Global markets on edge await China data


(MENAFN- The Peninsula)An image of a Sri Lankan Rs1000 note is seen as customers wait to exchange their rupees at a money exchange counter in Colombo. Sri Lanka’s currency fell over 3 percent to trade at a record low of 139.00 per dollar on Friday after the central bank effectively floated the currency by ceasing to quote its own reference rate.

Shanghai: Global stock markets will be on edge this coming week as China announces a slew of data investors will comb for clues about slowing growth in the world’s second-largest economy.

The government is scheduled to release monthly trade and inflation figures as well as industrial output fixed-asset investment and retail sales in the coming days. An official Chinese manufacturing survey last week sent world markets into a tailspin as investors gave vent to worries China’s economy is headed for a “hard landing”.

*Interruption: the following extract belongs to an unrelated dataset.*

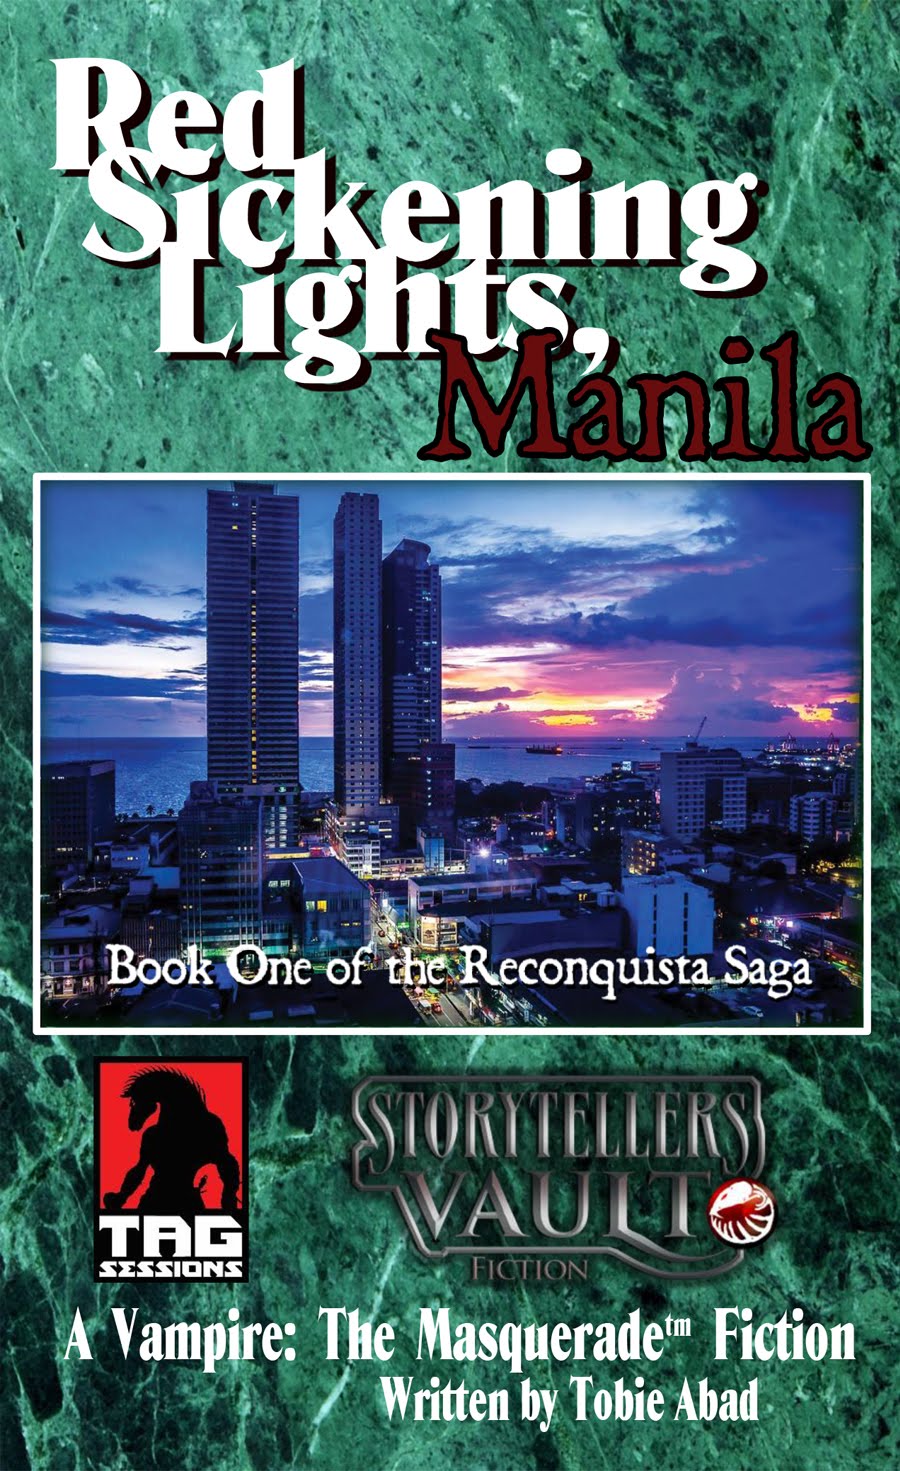 Red, Sickening Lights Manila

Although analysts cautioned not to read too much into the monthly release of the Purchasing Managers’ Index (PMI) Chinese growth is clearly slowing and more weak data could be an excuse to sell. China’s economy expanded 7 percent in each of the first two quarters slowing from 7.4 percent growth last year which was its weakest since 1990.

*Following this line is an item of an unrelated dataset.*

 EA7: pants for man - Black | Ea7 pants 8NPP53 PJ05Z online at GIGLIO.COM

But investors were alarmed by authorities’ surprise lowering of the yuan currency’s central rate against the US dollar by nearly five percent in a single week last month. In a bid for more sustainable growth Chinese policymakers are seeking a tectonic shift to domestic consumption and away from state-led investment.

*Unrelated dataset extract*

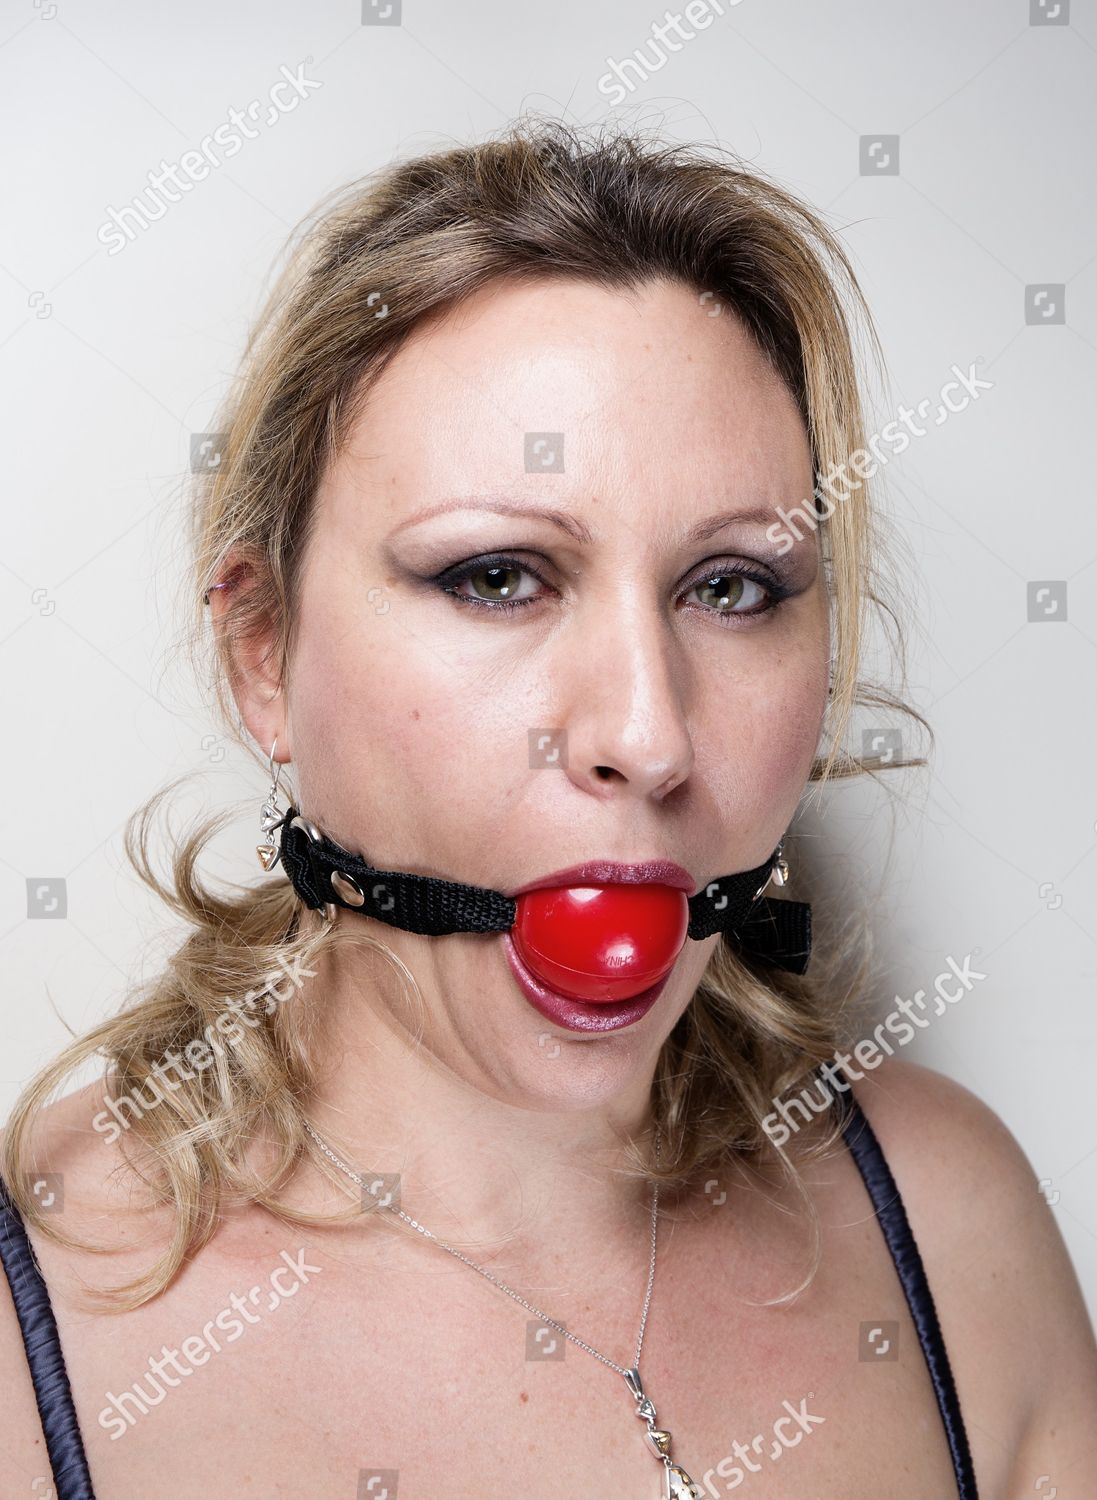 Gag Porn - Charlotte Rose wearing ball gag Foto editorial en stock ...

“Pessimism over China’s short-term outlook is overdone and a growth pick-up in the second half is already in the pipeline” ratings agency Fitch said in a report on Friday. “But expectations for the economy’s growth potential in the medium term are shifting lower as the scale of the restructuring challenge becomes clearer.”

ANZ Banking Group forecasts China’s gross domestic product (GDP) growth will slump to an annual 6.4 percent in the third quarter before rebounding to 6.8 percent in the October to December period — but still below the government’s full-year goal of around 7 percent.

China last month reduced interest rates and cut the amount of money banks must hold in reserve to try to bolster its economy and end the country’s worst stock market rout in almost two decades.

Japanese bank Nomura is forecasting “weak” trade data for August with exports falling 7 percent year-on-year and imports dropping 10 percent. Consumer price inflation could tick up to 1.8 percent for the month on higher pork prices though the threat of deflation remains it said.

But many analysts expect China to avert a hard landing even though economic growth will definitely slow this year.

“China’s economy has certainly been weak this year and still faces further downward pressures but we think fears of an economic hard landing due to stock market gyrations are exaggerated” UBS economists Donna Kwok and Wang Tao said in a research report.

Even so China’s stock market which was down nearly 40 percent from its recent peak by Wednesday could fall further in the coming week. After a debt-fuelled rally that sent the market up 150 percent in a year shares have room to go lower.